A PES functionalized UZM-5(Si/Al=13)/poly(DSDA-TMMDA)-PES mixed matrix membrane (abbreviated as MMM 1) containing 30 wt-% of dispersed UZM-5 zeolite particles in a blend poly(DSDA-TMMDA) polyimide and PES continuous matrix was prepared as follows:
1.8 g of UZM-5(Si/Al=13) zeolites were dispersed in a mixture of 11.6 g of NMP and 17.2 g of 1,3-dioxolane by mechanical stirring and ultrasonication for 1 hour to form a slurry. Then 1.0 g of PES was added to functionalize UZM-5(Si/Al=13) zeolites in the slurry.
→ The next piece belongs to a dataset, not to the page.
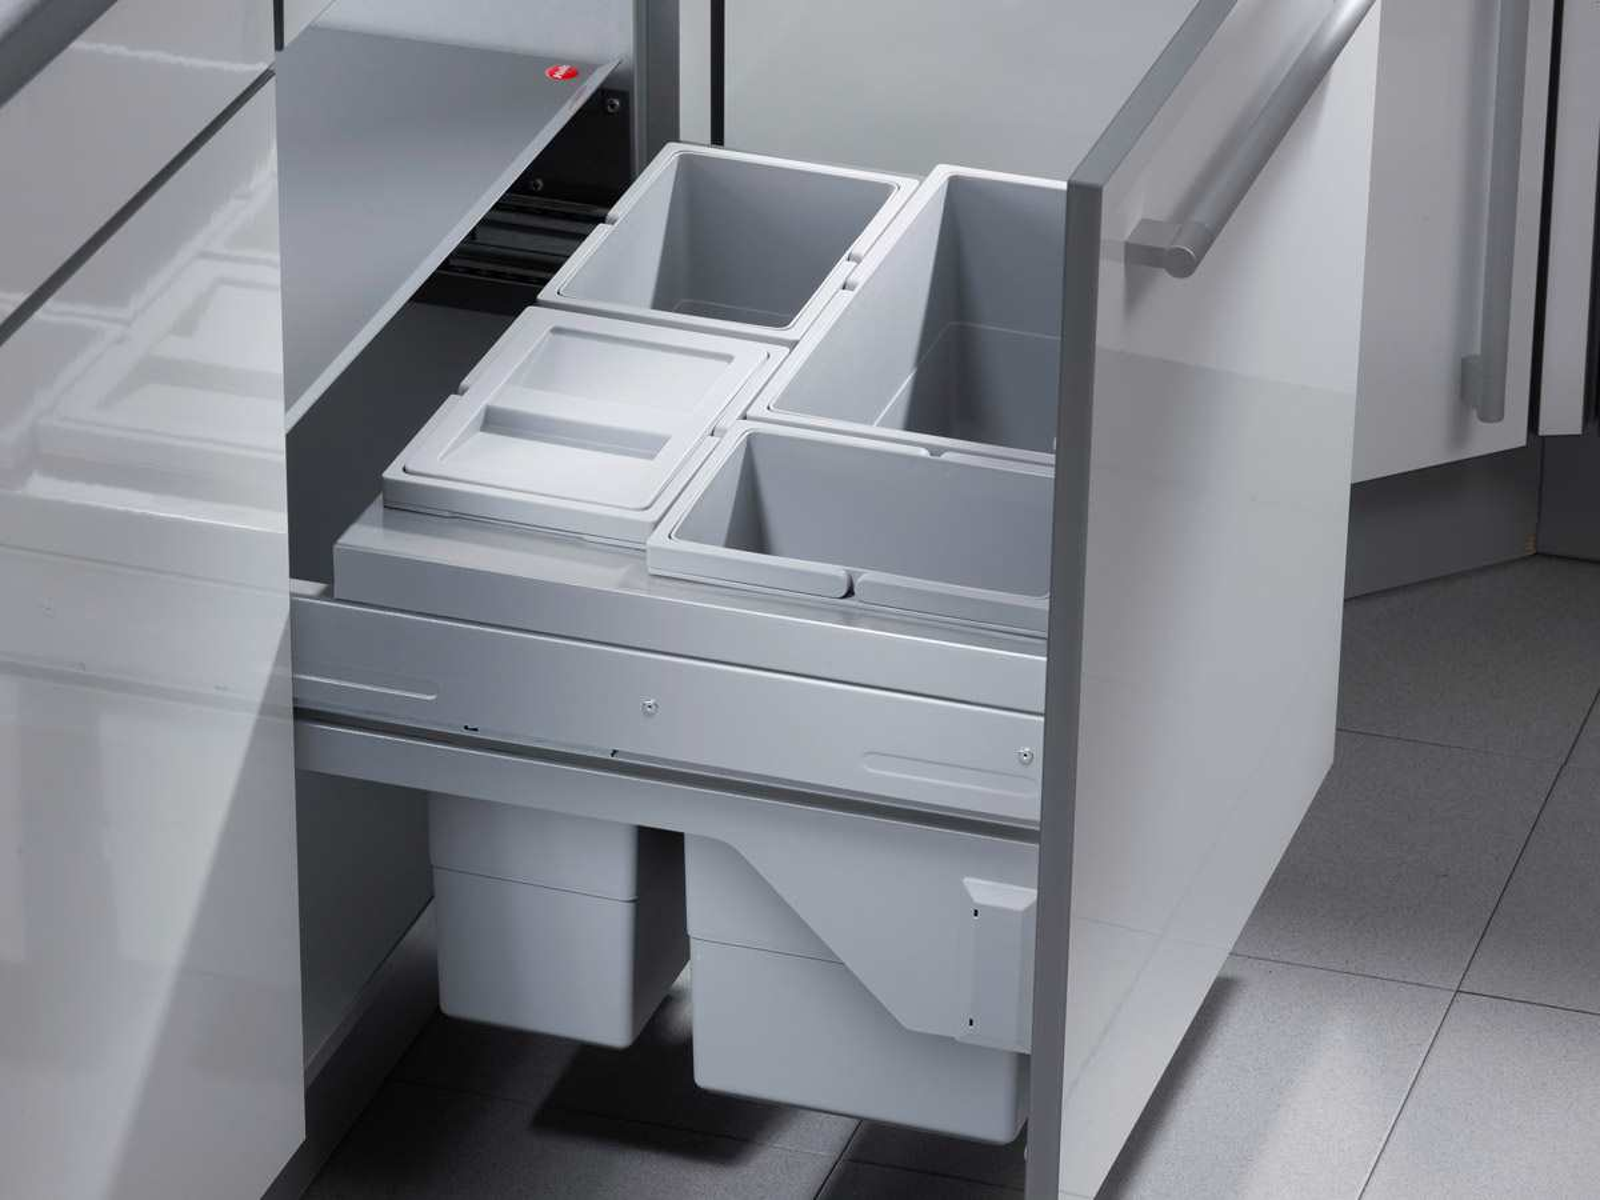 hailo cargo soft 3610 64 einbau abfallsammler. Black Bedroom Furniture Sets. Home Design Ideas

The slurry was stirred for at least 1 hour to completely dissolve PES polymer and functionalize the surface of UZM-5. After that, 3.0 g of poly(DSDA-TMMDA) polyimide polymer and 2.0 g of PES polymer were added to the slurry and the resulting mixture was stirred for another 2 hours to form a stable casting dope containing 30 wt-% of dispersed PES functionalized UZM-5(Si/Al=13) zeolites (weight ratio of UZM-5(Si/Al=13) zeolites to poly(DSDA-TMMDA) and PES is 30:100; weight ratio of PES to poly(DSDA-TMMDA) is 1:1) in the continuous blend poly(DSDA-TMMDA) and PES polymer matrix. The stable casting dope was allowed to degas overnight.
A MMM 1 mixed matrix membrane was prepared on a clean glass plate from the bubble free stable casting dope using a doctor knife with a 20-mil gap. The film together with the glass plate was then put into a vacuum oven. The solvents were removed by slowly increasing the vacuum and the temperature of the vacuum oven. Finally, the membrane was dried at 200° C. under vacuum for at least 48 hours to completely remove the residual solvents to form MMM 1.

Example 3

Preparation of 30% Li-UZM-5(Si/Al=13)/Poly(DSDA-TMMDA)-PES Mixed Matrix Membrane

Abbreviated as MMM 2

A PES functionalized Li⁺-exchanged UZM-5(Si/Al=13)/poly(DSDA-TMMDA)-PES mixed matrix membrane (abbreviated as MMM 2) containing 30 wt-% of dispersed Li⁺-exchanged UZM-5 (Li-UZM-5) zeolite particles in a blend poly(DSDA-TMMDA) polyimide and PES continuous matrix was prepared using similar procedures as described in Example 2, but the molecular sieve particles used in this example are Li⁺-exchanged UZM-5(Si/Al=13) with 51% of the acid sites (H⁺) exchanged with Li⁺ (Li-UZM-5).

Example 4

CO₂/CH₄Separation Properties of Control 1, MMM 1, and MMM 2 Mixed Matrix Membranes

The permeabilities (P_CO2and P_CH4) and selectivity (α_CO2/CH4) of Control 1 prepared in Example 1, MMM 1 prepared in Example 2, and MMM 2 prepared in Example 3 were measured by pure gas measurements at 50° C. under about 690 kPa (100 psig) pressure. The results for CO₂/CH₄separation are shown in the following table.
It can be seen from the following table that MMM 1 mixed matrix membrane comprising 30 wt-% of UZM-5 zeolite particles showed 10% improvement in α_CO2/CH4and 115% improvement in P_CO2for CO₂/CH₄separation compared to Control 1 polymer membrane. MMM 2 mixed matrix membrane comprising 30 wt-% of Li⁺-exchanged UZM-5 zeolite particles showed much higher improvement in both P_CO2and α_CO2/CH4compared to MMM 1 membrane. MMM 2 showed 28% improvement in α_CO2/CH4and 190% improvement in P_CO2for CO₂/CH₄separation compared to Control 1 polymer membrane.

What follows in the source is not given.